Article III, Section I

Andy, thanks for your clear-headed exposition on the proper relationship among the three branches of government, and in particular on the limits of the courts’s authority. Just to refresh everyone’s memory, here’s the Constitution on the subject:

The judicial power of the United States, shall be vested in one Supreme Court, and in such inferior courts as the Congress may from time to time ordain and establish. The judges, both of the supreme and inferior courts, shall hold their offices during good behaviour, and shall, at stated times, receive for their services, a compensation, which shall not be diminished during their continuance in office.

“May from time to time ordain and establish” seem to this non-lawyer to be the operative words here. In other words, except for the Supreme Court, the rest of the system is left to the people via their elected representatives. And that business about “from time to time” clearly indicates the Congress can revisit its handiwork whenever it so chooses. 

But a pusillanimous Congress has over the years been so brow-beaten by the Left’s constant harping on the supremacy of “judicial review” — born, of course, of its reliance on the courts to get its legislative agenda turned into law, which for the most part it could not and cannot do at the ballot box — that the plain language of Section 1 seems to elude the capons — oops., I mean the solons. As you say:

If we really want judges to limit themselves to applying law, rather than making it, we need to demand that the real lawmaking be done by the political actors we hired for the job. . . . 

. . . for the last half-century, the Court has regarded itself as a permanent constitutional convention. This is the absurdity: The Constitution says it cannot be amended absent an elaborate process involving supermajorities of Congress and the states — but the courts have somehow convinced us that a 5–4 shakeout from nine unelected lawyers can do the trick.

In other words, since about the Warren Court, we’ve gone from the courts as the last and least of the three governmental branches (“the least dangerous,” in Hamilton’s words), to the romantic champions of the Little Guy, to (in your examples concerning the Detainee Treatment Act) the lords and masters of Congress itself.
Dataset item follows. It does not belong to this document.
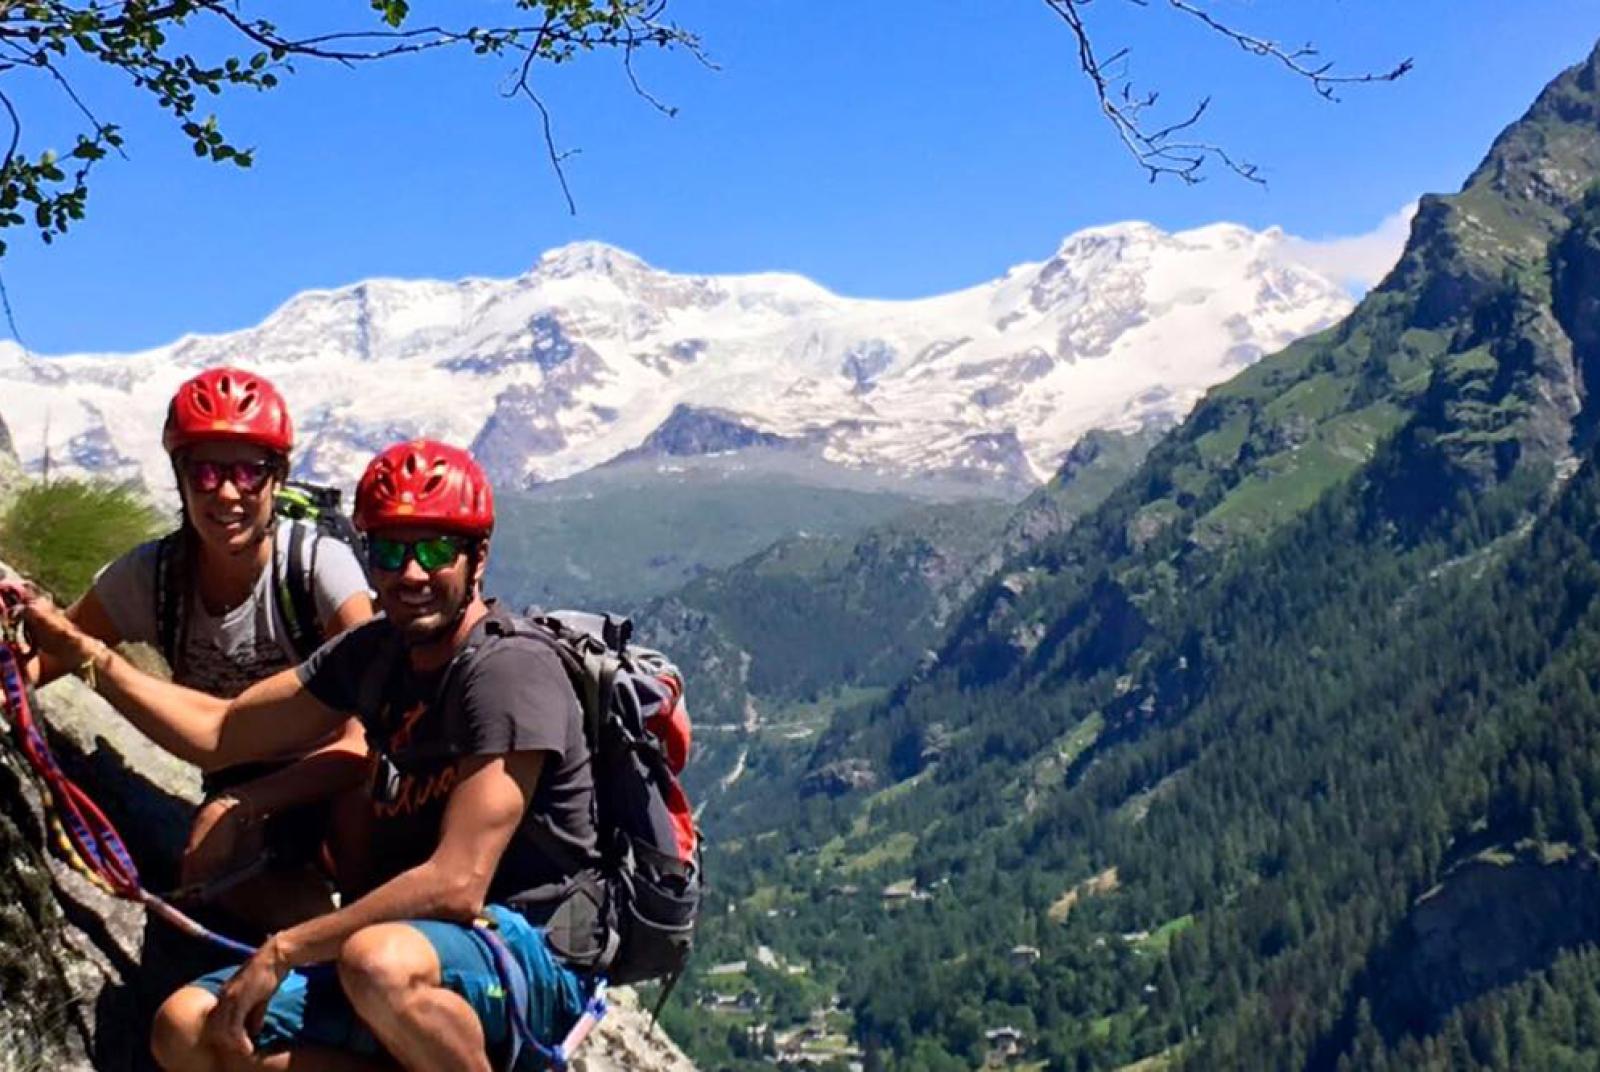 DISCOVER THE FERRATA OF GRESSONEY WITH THE ALPINE GUIDES
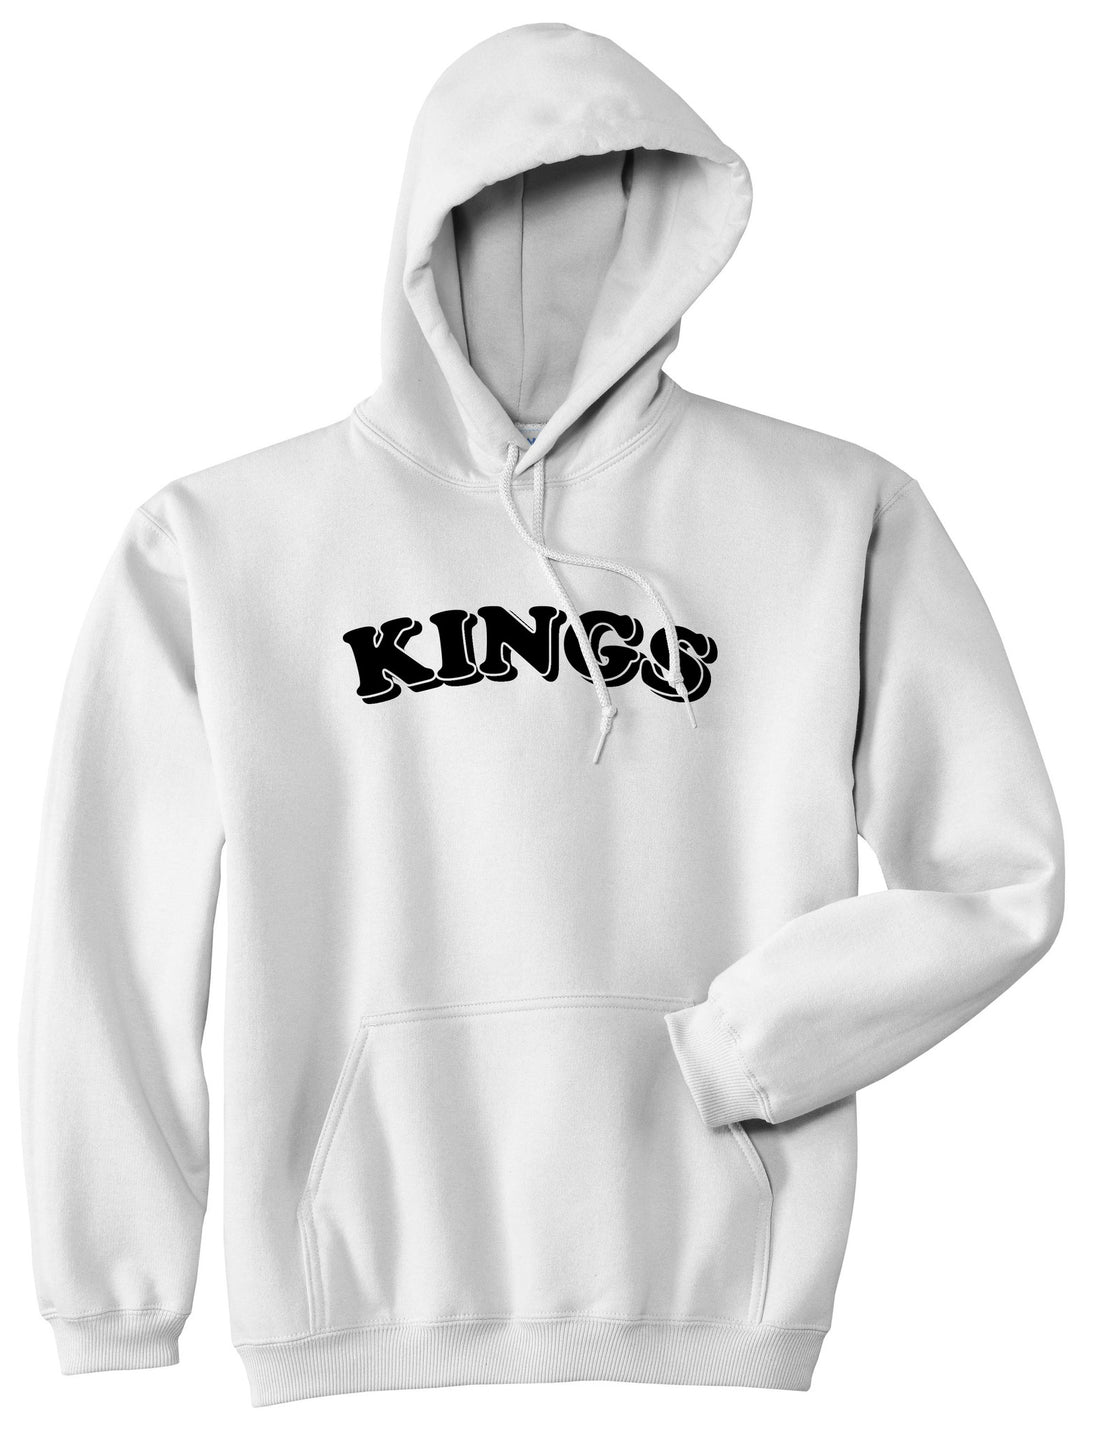 KINGS Bubble Letters Pullover Hoodie in White

As you note:

The courts have not merely been an advocate for our wartime enemies but a partisan in the culture wars — inventing abortion rights; eroding the bedrock principle of equal protection before the law; cossetting heinous criminals; banning public expressions of religious reverence; protecting the publication of child pornography while curbing political speech; cherry-picking international law as needed to reverse popular self-determination; and so on.

If the Founders had wanted the courts — instead of the People — to be supreme, they would have made them Article One instead of Article Three. And they wouldn’t have left their establishment up to something as plebeian and untrustworthy as republican democracy.

As usual, Gingrich took a bull-in-a-china-shop approach to raising an extremely important issue — but at least now it’s on the table. Let’s see if any of the candidates and leaders on the Right besides Mr. Newt have the guts to address it. Probably not.